Надо было действовать, жить. Надо было спуститься за хлебом, купить себе чай и сахар. Раздражаясь на себя за эту сохраненную потребность есть и пить, за необходимость питать свое праздное, бездельное тело, он собрался и вышел из дома.
Был жаркий московский полдень. Тверская казалась раскаленным черным противнем, на котором, как рыбы, подскакивали и бились машины. Зажаренные, в глянцевитой коросте, будут лежать рядами, как караси, с выпученными фарами, обугленными губами радиаторов. Пушкин стоял над площадью, словно политый маслом. Фонтан тяжело выталкивал мутно-стеклянные глыбы воды, без брызг и без блеска, сваливал их в гранитное корыто. Цветы на клумбах, жирные, красные, напоминали разделанное мясо.
Белосельцев, сторонясь всего этого, словно боясь испачкаться и обжечься, прошел к магазинчикам, построенным вдоль тротуара, чтобы поскорее кинуть в целлофановый пакет пачку чая, батон, упаковку молока и снова вернуться домой, укрыться под костяной черепаший панцирь.
Торговец-азербайджанец, с вишневыми глазами, коричневой лысиной и золотыми зубами, на несколько секунд развлек его.
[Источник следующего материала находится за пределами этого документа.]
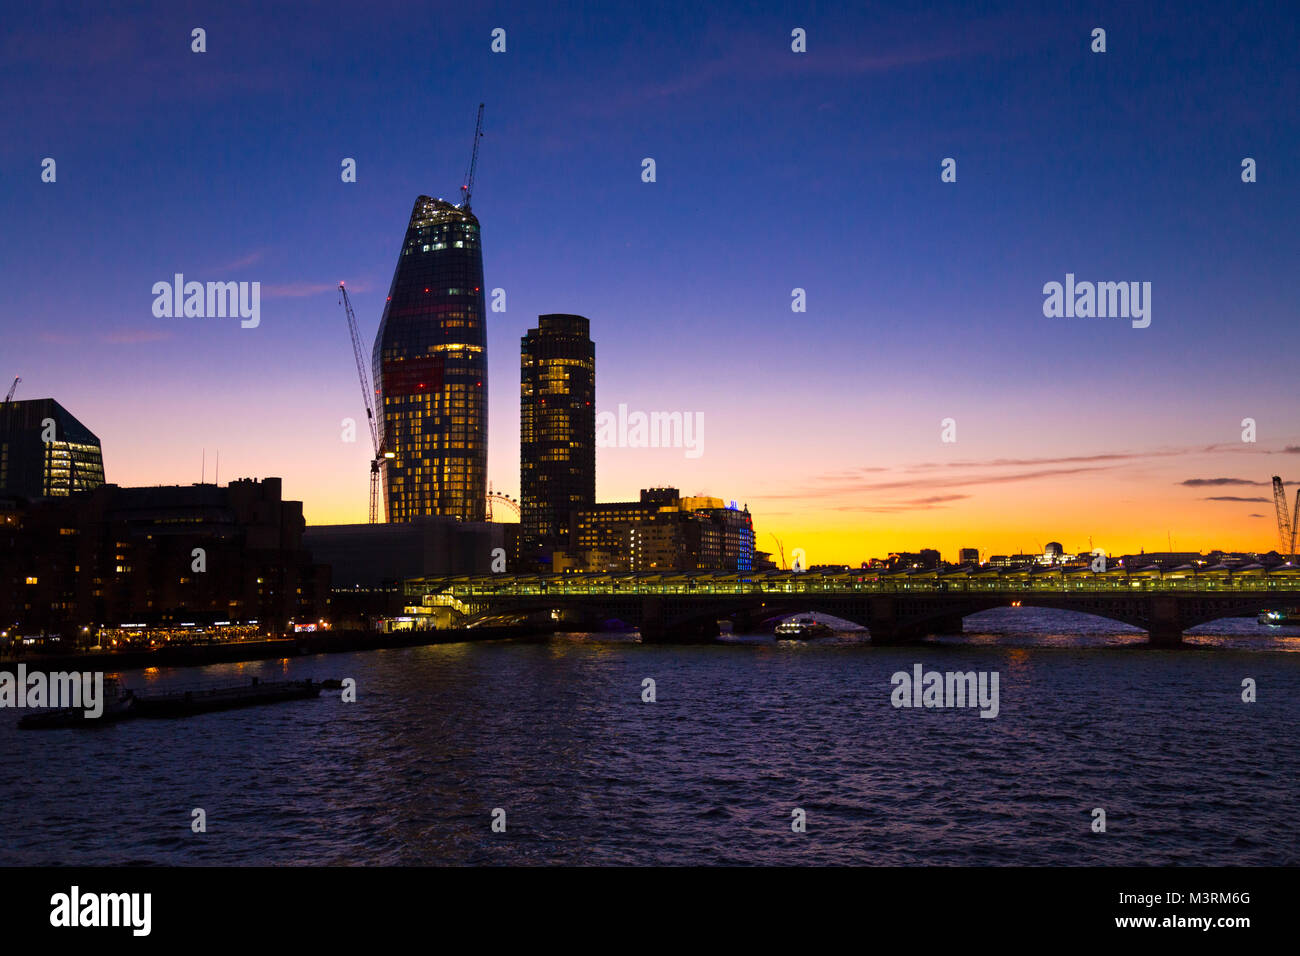 One Blackfriars tower development under construction at sundown, London skyline, London, UK Stock Photo

Белосельцев поместил его в деревянную раму на холст, где тот был нарисован художником-примитивистом жирными цветными мазками среди бутылок и банок пива, флаконов с вином и водкой, сочных ломтей красной и белой рыбы, розовых, пересыпанных льдом креветок. Торговец смотрел на мир лиловыми солнечными глазами, окруженный той частью Вселенной, за которую люди, прежде чем ею овладеть, платили деньги. Белосельцев именно так и поступил – кинул снедь в пакет, дождался, когда электронный автомат выбросит на прилавок чек, отсчитал деньги.
Он хотел покинуть стеклянный теремок магазина, когда в двери, мешая ему пройти, втиснулись два парня и девушка. Парни – длинноволосые, потные, с мокрыми, улыбающимися губами и размытым слюнявым выражением возбужденных, громко говорящих ртов. Девица – с русалочьими распущенными волосами, перламутровая от помады, в коротком платье, столь легком и вольном, что под ним уже не было ничего, кроме влажного тела, мелькнувшего сквозь прозрачную ткань. Все трое смеялись, парни старались по очереди обнять свою спутницу, коснуться ее голого локтя, плеча и шеи. Они были пьяны, устремились к прилавку, на котором, как нарядные боеприпасы, теснились банки и бутылки с наклейками.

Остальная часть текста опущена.